Chewy is going to need to complete with strong omnichannel offerings from Walmart and Target that have significant cost structure advantages by fulfilling from stores.

It’s a missed opportunity for both.

Ken Lonyai
Member
3 years ago

The acquisition was the classical management attempt to buy their way to success/profitability in an area they were underserving. Sometimes it doesn’t work. In fact, this reminds me of the Walmart Jet acquisition, but I think even in a bad mix of cultures, Walmart received some gains that PetSmart did not.

Essentially, everything is being reset to where it was pre-acquisition, except for some financial wounds sustained and potential lessons lost(?) on PetSmart. Anyone that wants to be a sustainable/profitable retailer or e-tailer has to understand customer needs and attempt every day to exceed them while staying in the black.

Peter Charness
Trusted Member
3 years ago

I’m a bit puzzled actually (it’s Friday). Given the logic of unified commerce and the importance of providing customers what they want in whatever mode they choose to acquire product, splitting a successful online capability from an in-store one rather than creating a unified brand/experience seems counter-intuitive. But this seems to be purely a financial transaction and that is seldom based on what’s good for the customer or the store associates.

Matthew Pavich
3 years ago

As others have posted, this demonstrates a missed opportunity. PetSmart was a leader for in-store experience and Chewy provided an opportunity to really accelerate online sales and grow share. The inability to fully integrate the two into a multi-banner, omnichannel strategy to leverage those strengths and capabilities is unfortunate. It remains to be seen if the split will benefit the two parties, but it is clearly a bold move to sell off your ecommerce side in this current business environment.

Craig Sundstrom
Craig Sundstrom
Noble Member
3 years ago

It seldom looks good when something is UN-done so quickly: if the idea was a good one initially, then what’s changed? And if it wasn’t, then what does that say about the competency of management?

Ricardo Belmar
Active Member
3 years ago

I’m not sure either entity wins out in the end. There were obvious synergies that should have been realized over the past 3 years. Clearly, that did not happen. They remained siloed and failed to leverage each other’s strengths. PetSmart was not digitally savvy, while Chewy lacked stores, which ultimately would hinder their growth in this market.

Then COVID happened and changed everything.

Pet owners seem to have discovered a new friend with online pet supplies.
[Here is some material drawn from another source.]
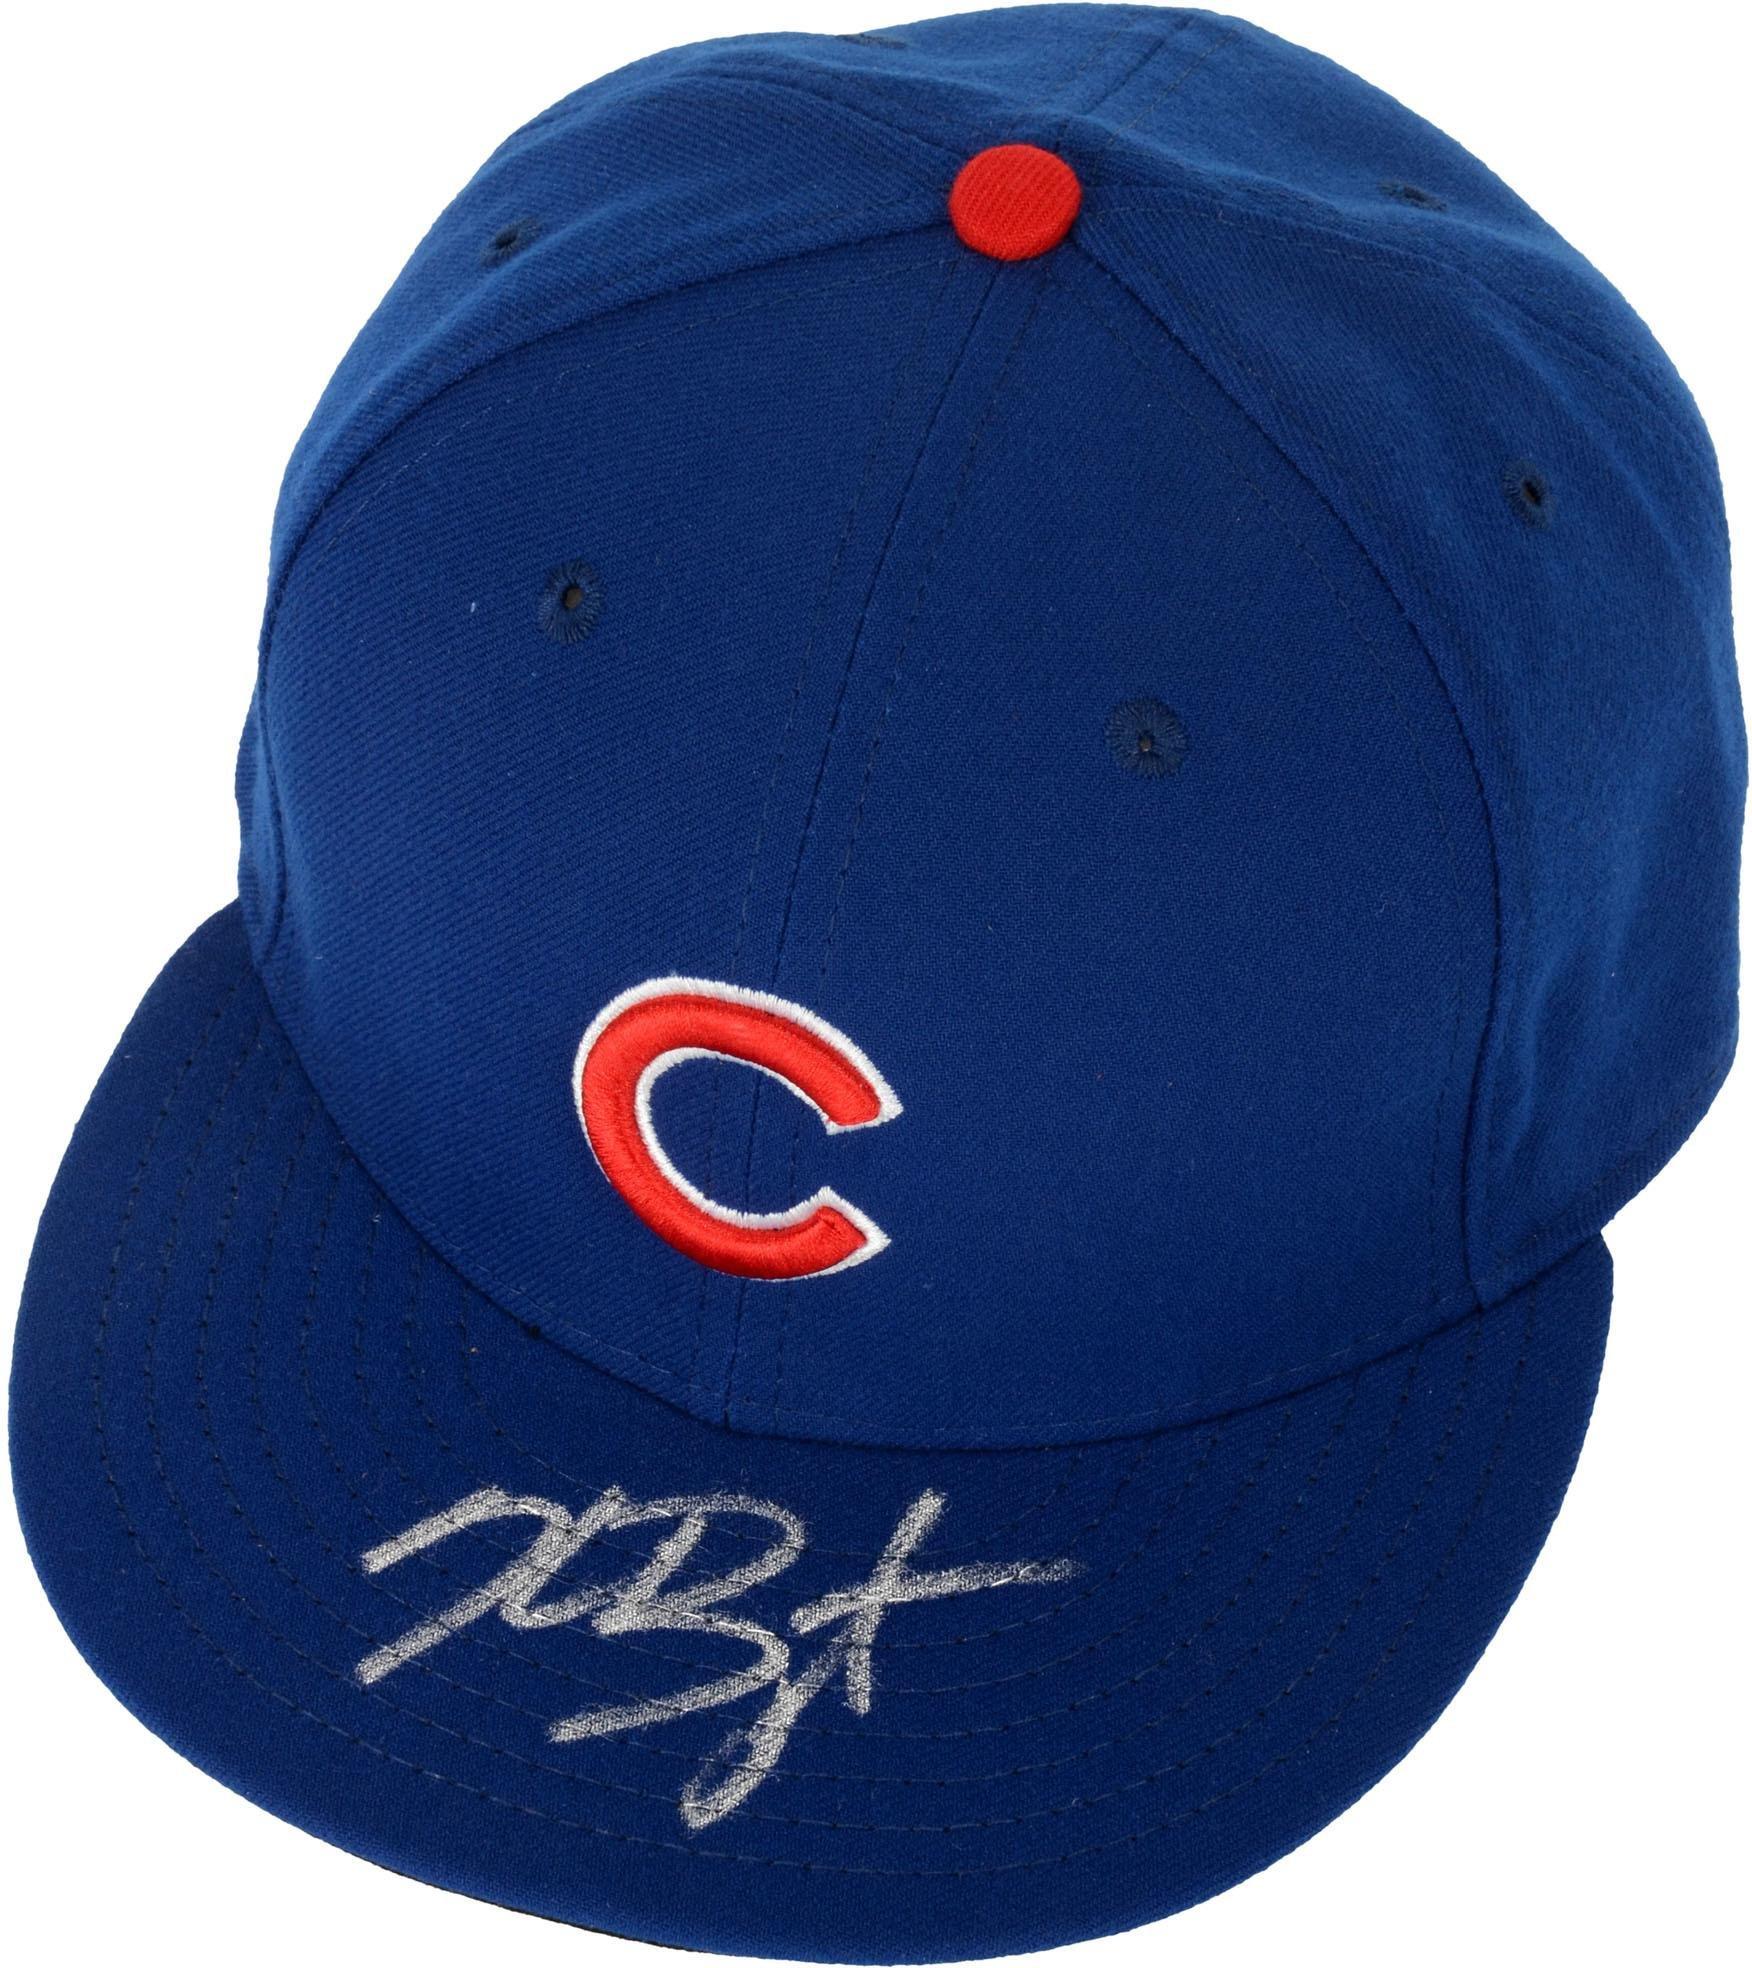 Kris Bryant Chicago Cubs Autographed Navy Cap Fanatics Authentic Certified Autographed Hats

Chewy is obviously better positioned to capitalize on that. Still, without the benefit of a store footprint to facilitate distribution in an equivalent way Target has done, I don’t see them having long-term success in a post-pandemic world.

PetSmart is going to be saddled with a mountain of debt, and we’ve seen this story play out many times over. Unfortunately, the ending is usually a tragic one, and since there isn’t much evidence that PetSmart learned some digital know-how from Chewy, I don’t expect the outlook to be a good one for them.